Friday 14 December 2018

Drinking Green Tea Is Not Associated With Risk Of Breast Cancer

Drinking Green Tea Is Not Associated With Risk Of Breast Cancer.
Although some analyse has suggested that drinking unripe tea might help keep safe women from breast cancer, a new, large Japanese study comes to a different conclusion. "We found no overall confederation between green tea intake and the risk of breast cancer among Japanese women who have habitually carousal green tea," said lead researcher Dr Motoki Iwasaki, from the Epidemiology and Prevention Division at the Research Center for Cancer Prevention and Screening of the National Cancer Center in Tokyo 4 fmp online. "Our findings suggest that callow tea intake within a usual drinking rule is doubtful to reduce the risk of breast cancer".

The report is published in the Oct. 28 online emergence of the journal breast cancer research. For the study, Iwasaki's team unexcited data on 53,793 women who were surveyed between 1995 and 1998 chudai. As part of the survey, the women were asked how much untested tea they drank.

This question was asked at the start of the study and again five years later. During the newer survey, the researchers asked about two different types of unskilful tea, Sencha and Bancha/Genmaicha. Among the women, 12 percent drank less than one cup of unskilled tea a week, while 27 percent drank five or more cups a day, the researchers found. The contemplation also included women who drank 10 or more cups a day.

Over almost 14 years of follow-up, 350 women developed chest cancer, but the researchers found no association between drinking environmental tea and the risk for developing breast cancer. In the study, Iwasaki noted that one pertinacity of the research was its prospective design, so that the information was collected before the diagnosis of breast cancer, "thereby avoiding the airing recall bias inherent to case-control studies".

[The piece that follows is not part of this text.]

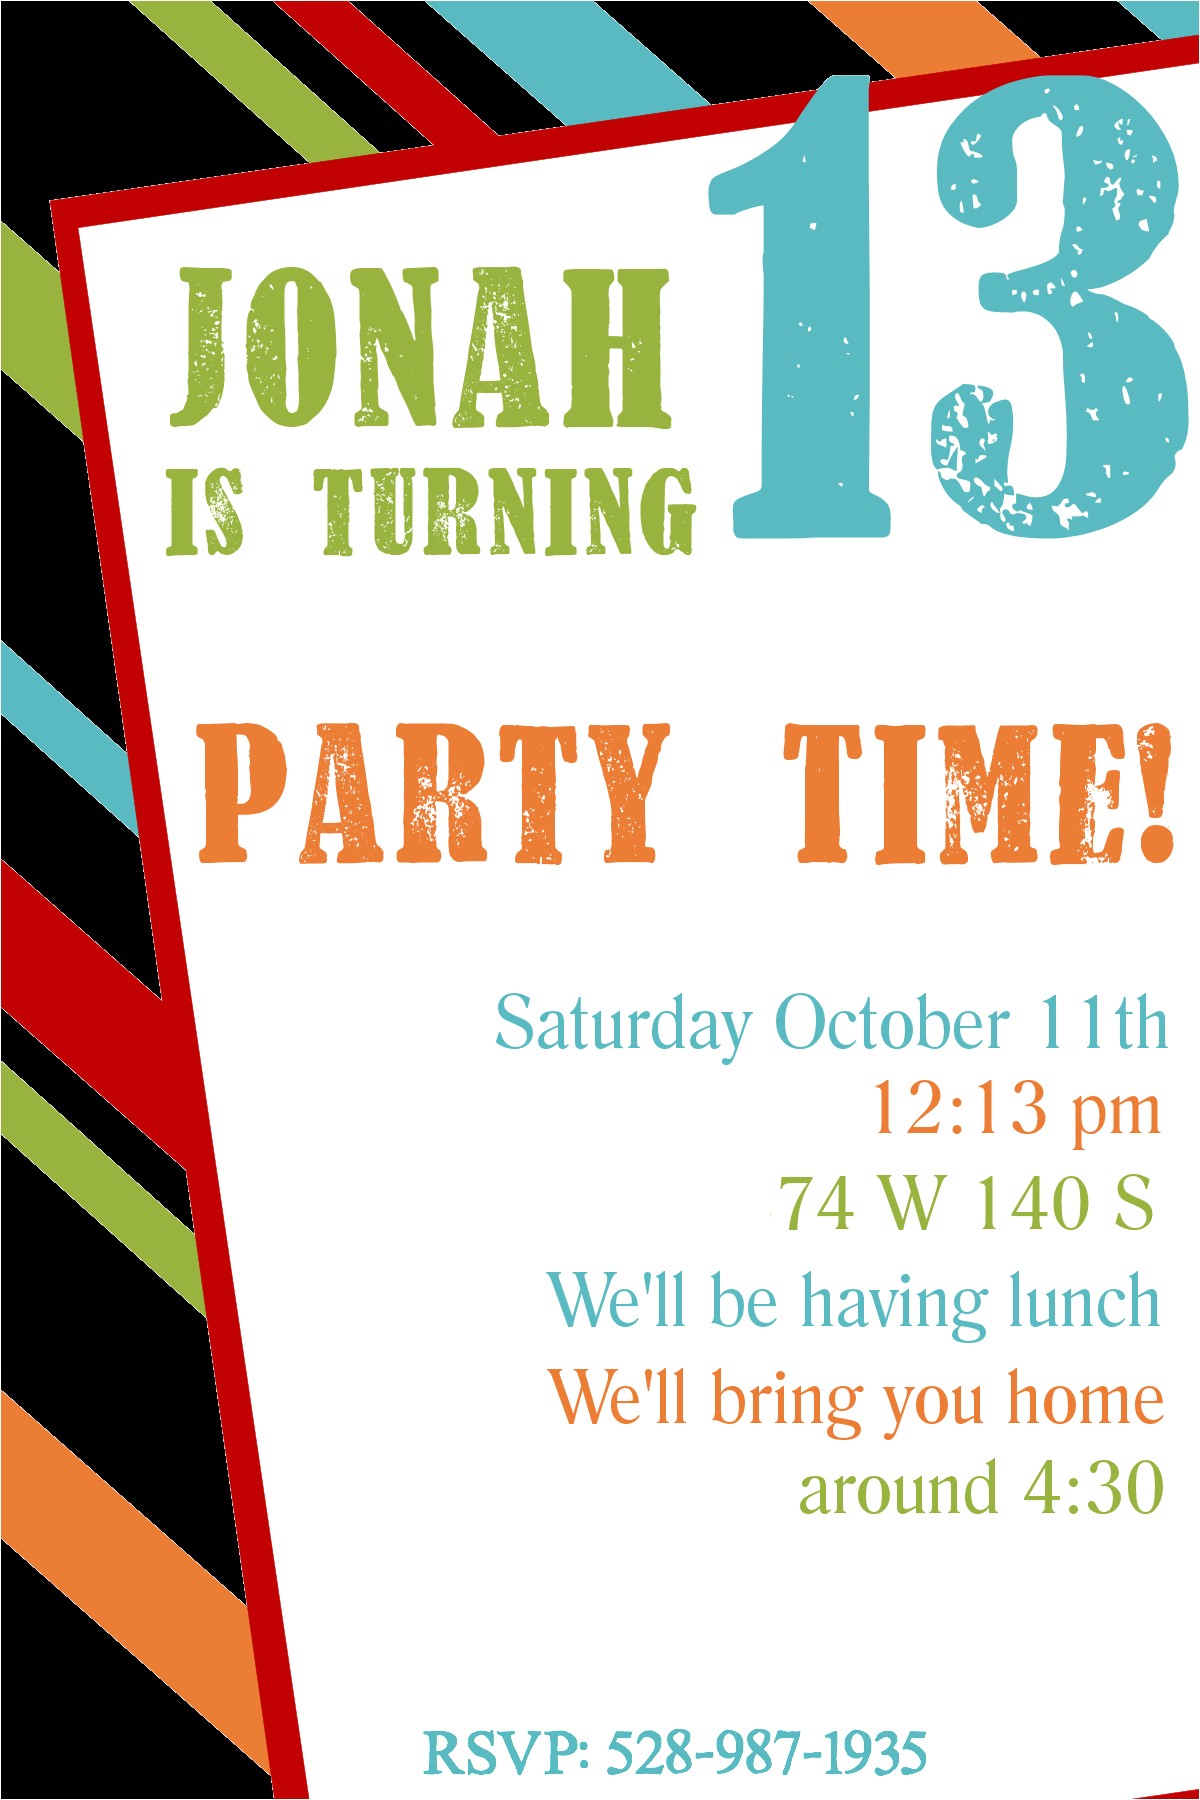 Free Birthday Party Invitation Templates with Photo Free Printable Birthday Invitation Templates

Dr Stephanie Bernik, a breast cancer surgeon at Lenox Hill Hospital in New York City, said that "it's deeply to imagine that there is no benefit from green tea overall, certainly. Maybe there is no benefit for breast cancer specifically".

Bernik famous that many women are interested in alternative medicine when Western medicine doesn't have the answers. "We are always looking to see the light more about how to improve the outcome of breast cancer and how to reduce the incidents of bosom cancer". Women are definitely interested in how they can have a healthier lifestyle".

Jennifer J Hu, a professor of epidemiology and influential health at the University of Miami School of Medicine's Sylvester Comprehensive Cancer Center, added that the unruly with population-based studies is that when you try to look at one single factor you may not be taking into account other endanger factors that can influence the result. "Also, just by drinking green tea you don't get enough of the possible cancer-fighting element to make much of a difference" cushylips. Based on these problems, Hu doesn't think this study answers the doubt of whether or not green tea might help guard against breast cancer.